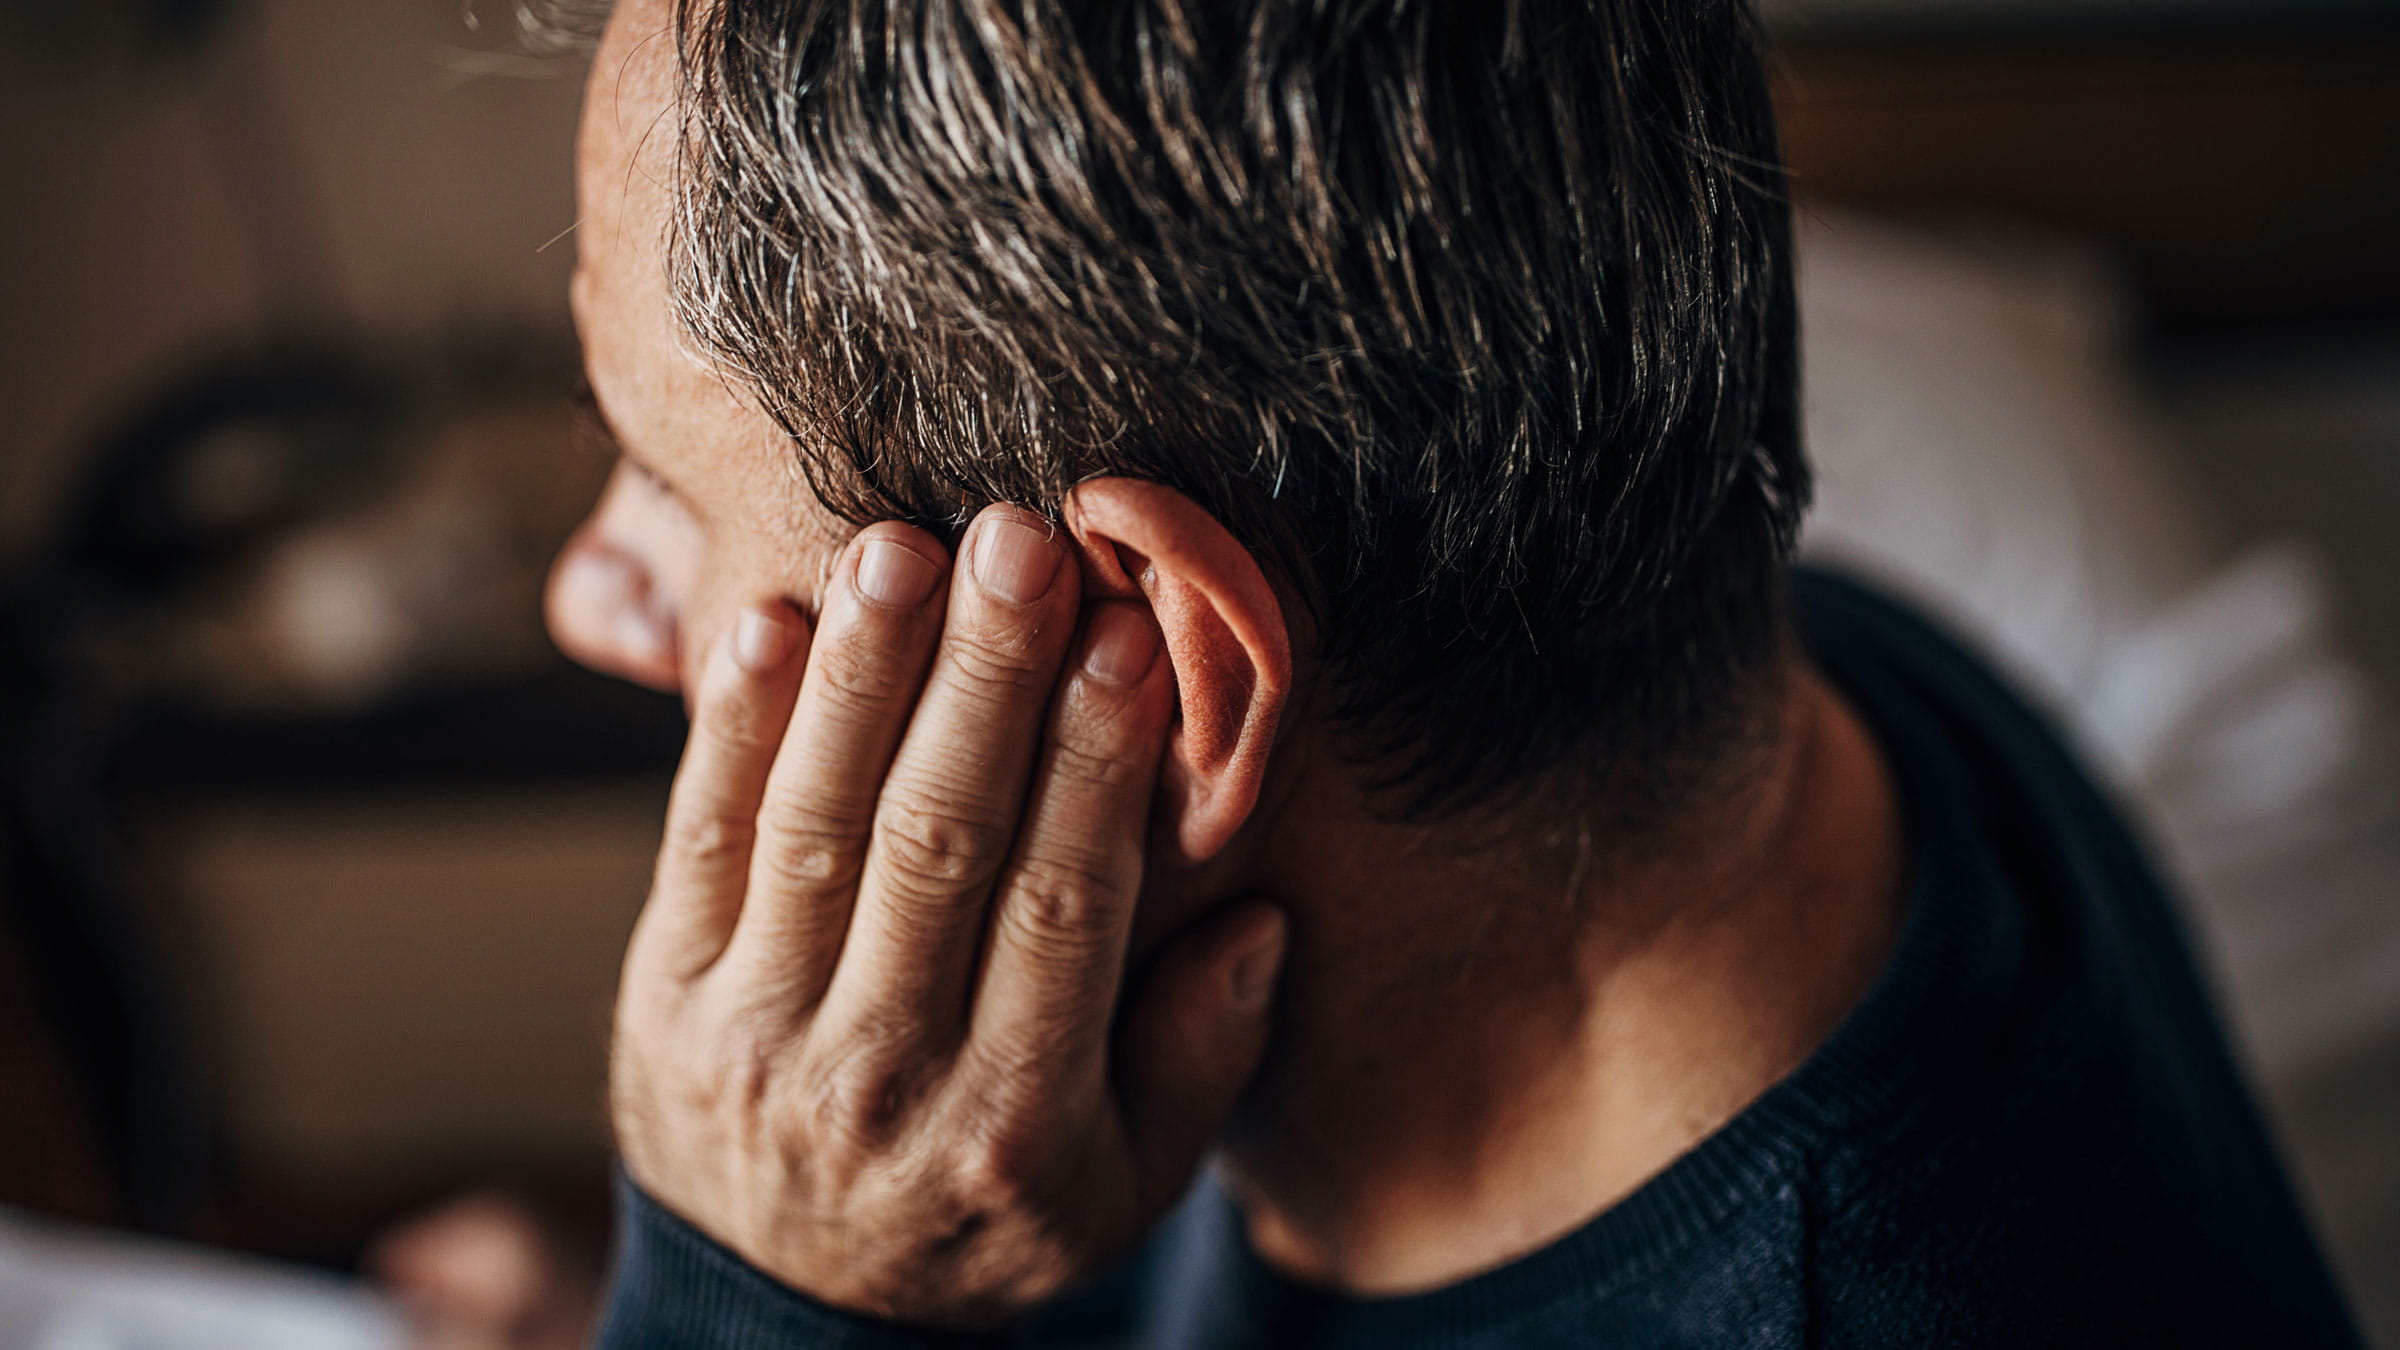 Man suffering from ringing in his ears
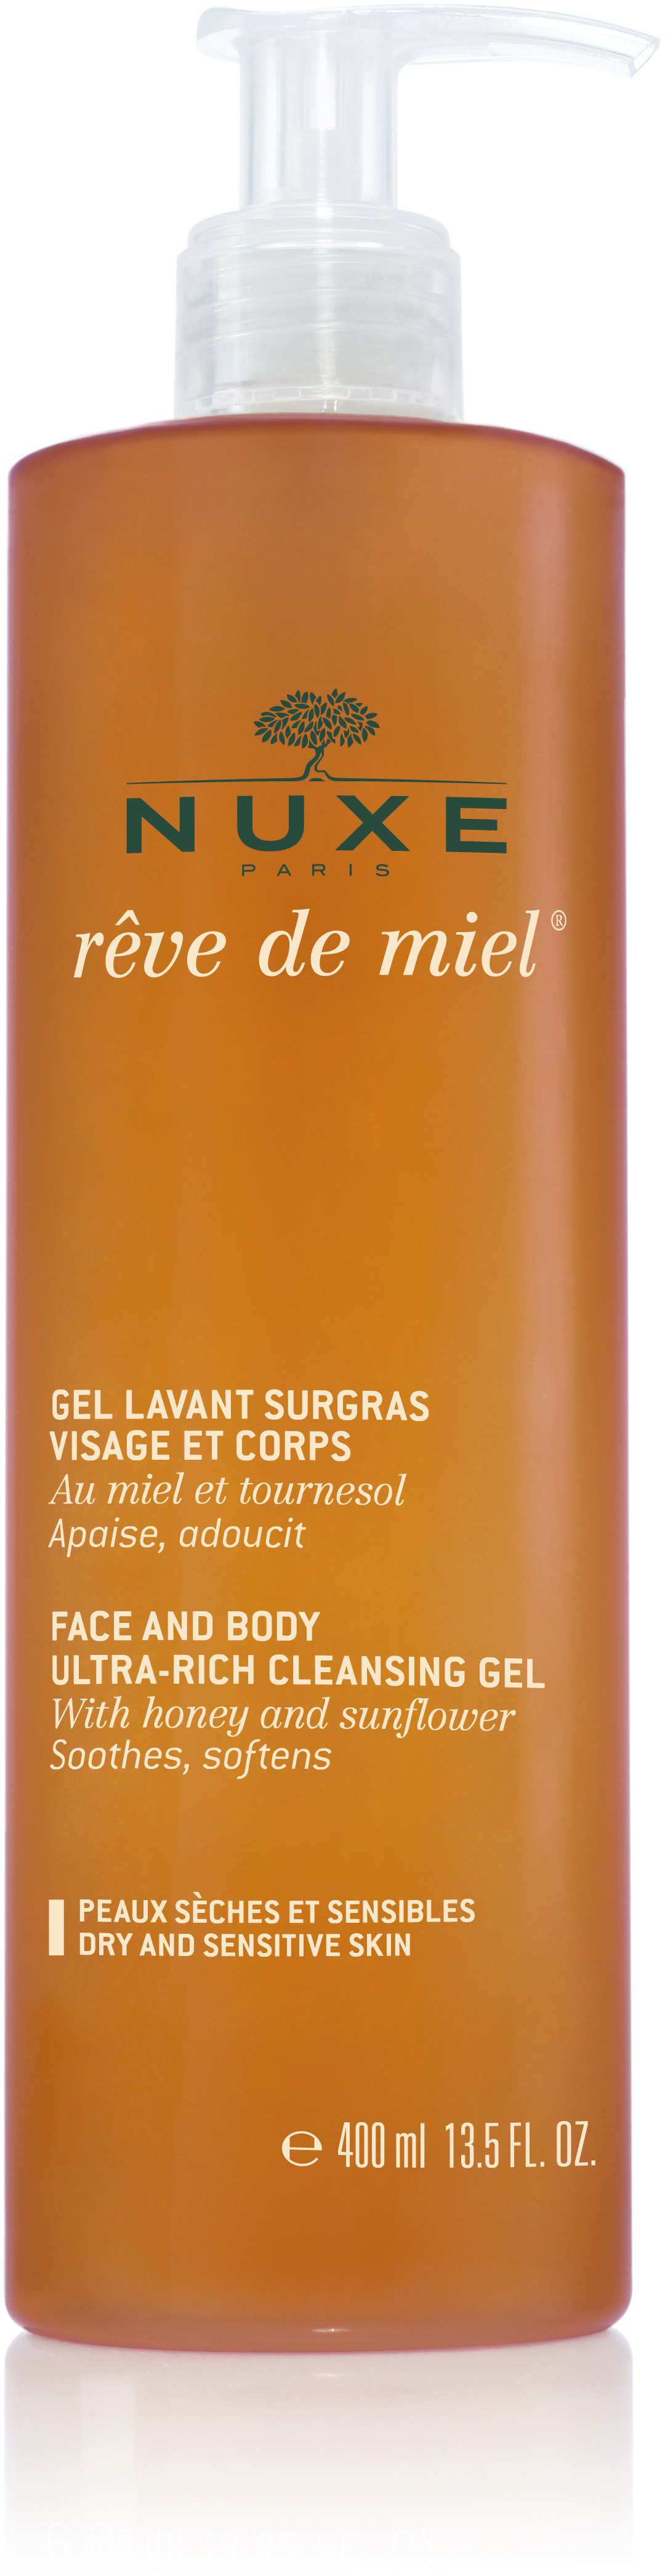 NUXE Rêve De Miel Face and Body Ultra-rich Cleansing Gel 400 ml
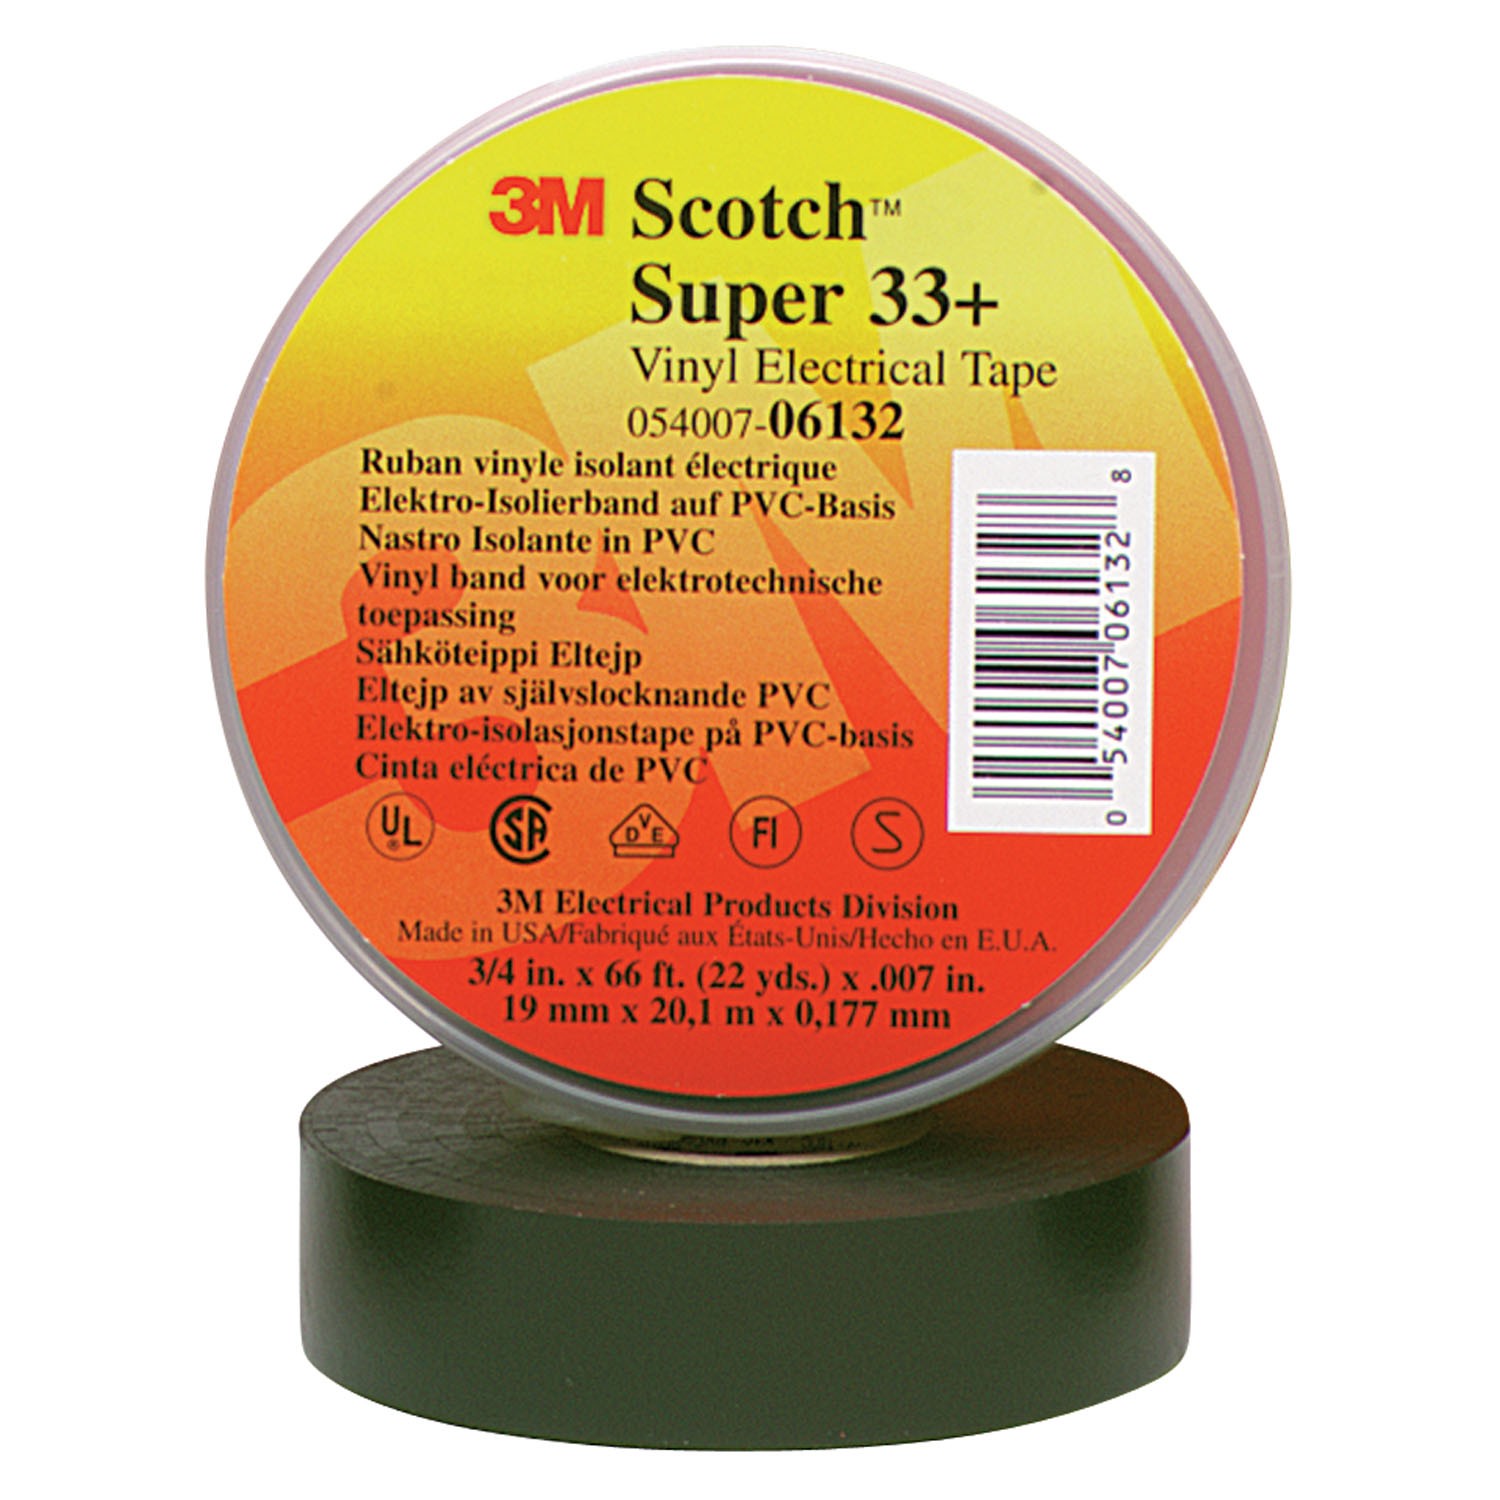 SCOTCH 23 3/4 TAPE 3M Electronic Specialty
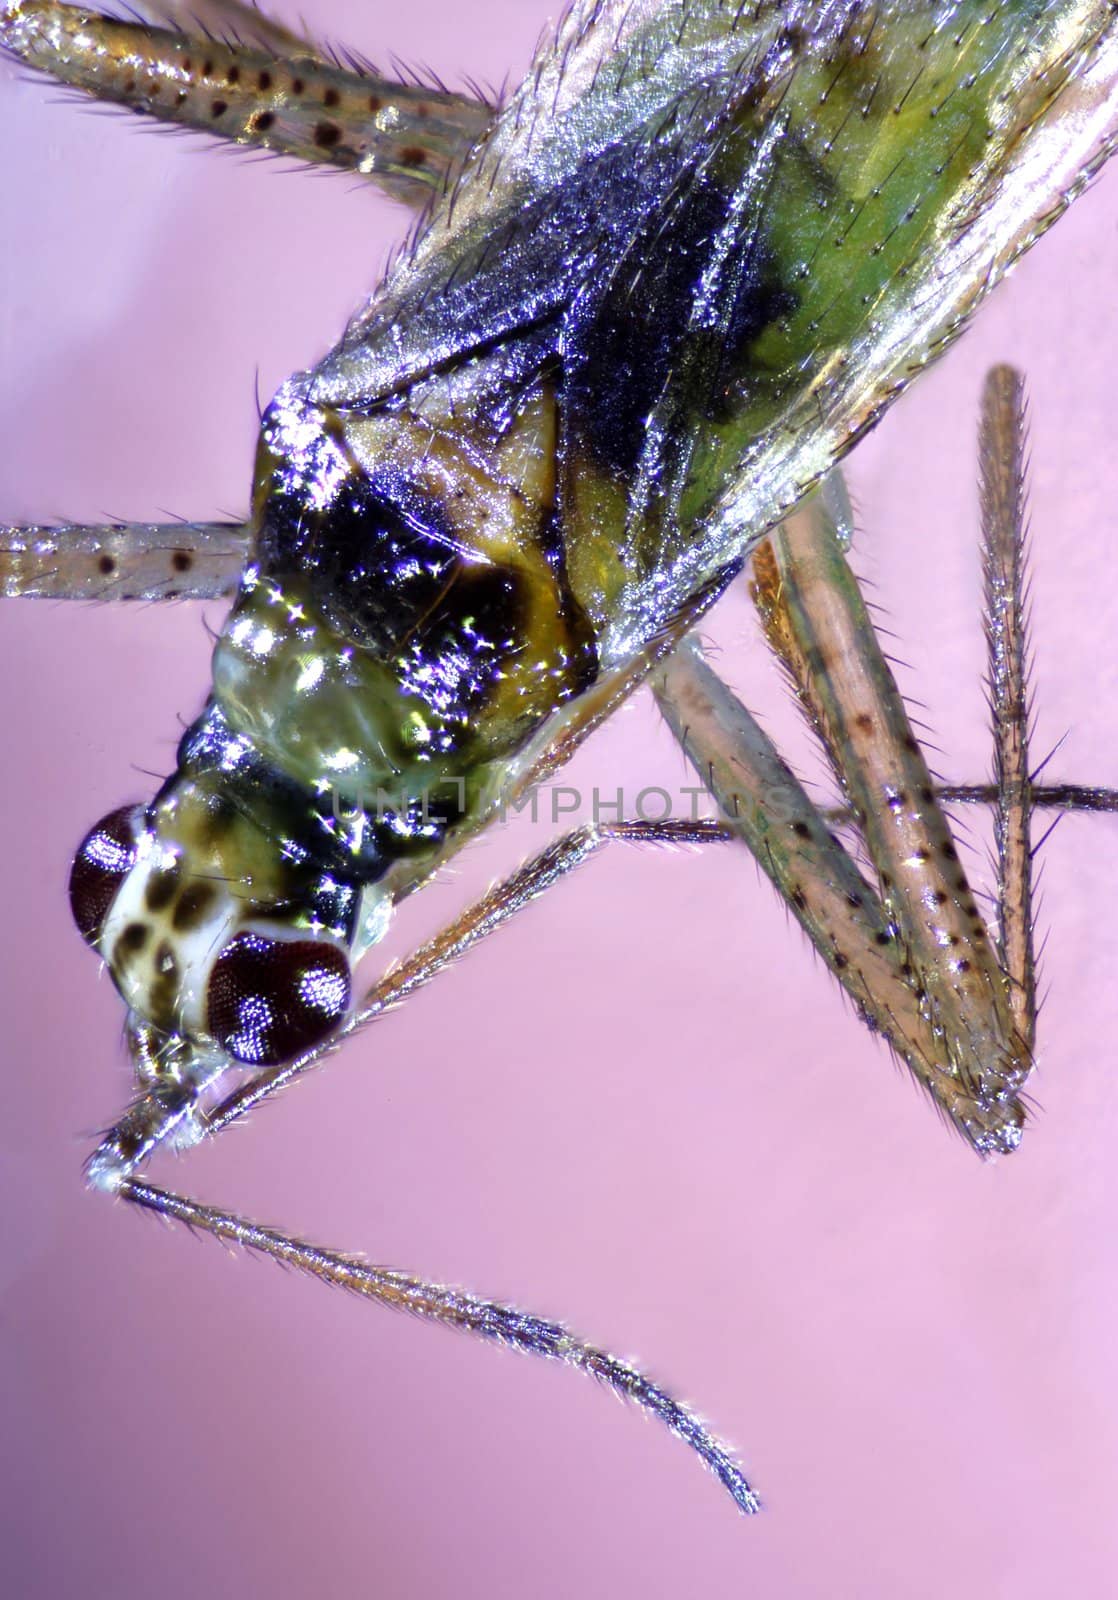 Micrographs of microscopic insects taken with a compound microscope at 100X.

+===+

**How to complete this task**
Apart from the pictures, every line above must be printed exactly.

**Answer section**
 Man suffering from ringing in his ears
 NUXE Rêve De Miel Face and Body Ultra-rich Cleansing Gel 400 ml
 SCOTCH 23 3/4 TAPE 3M Electronic Specialty
 Micrographs of microscopic insects taken with a compound microscope at 100X.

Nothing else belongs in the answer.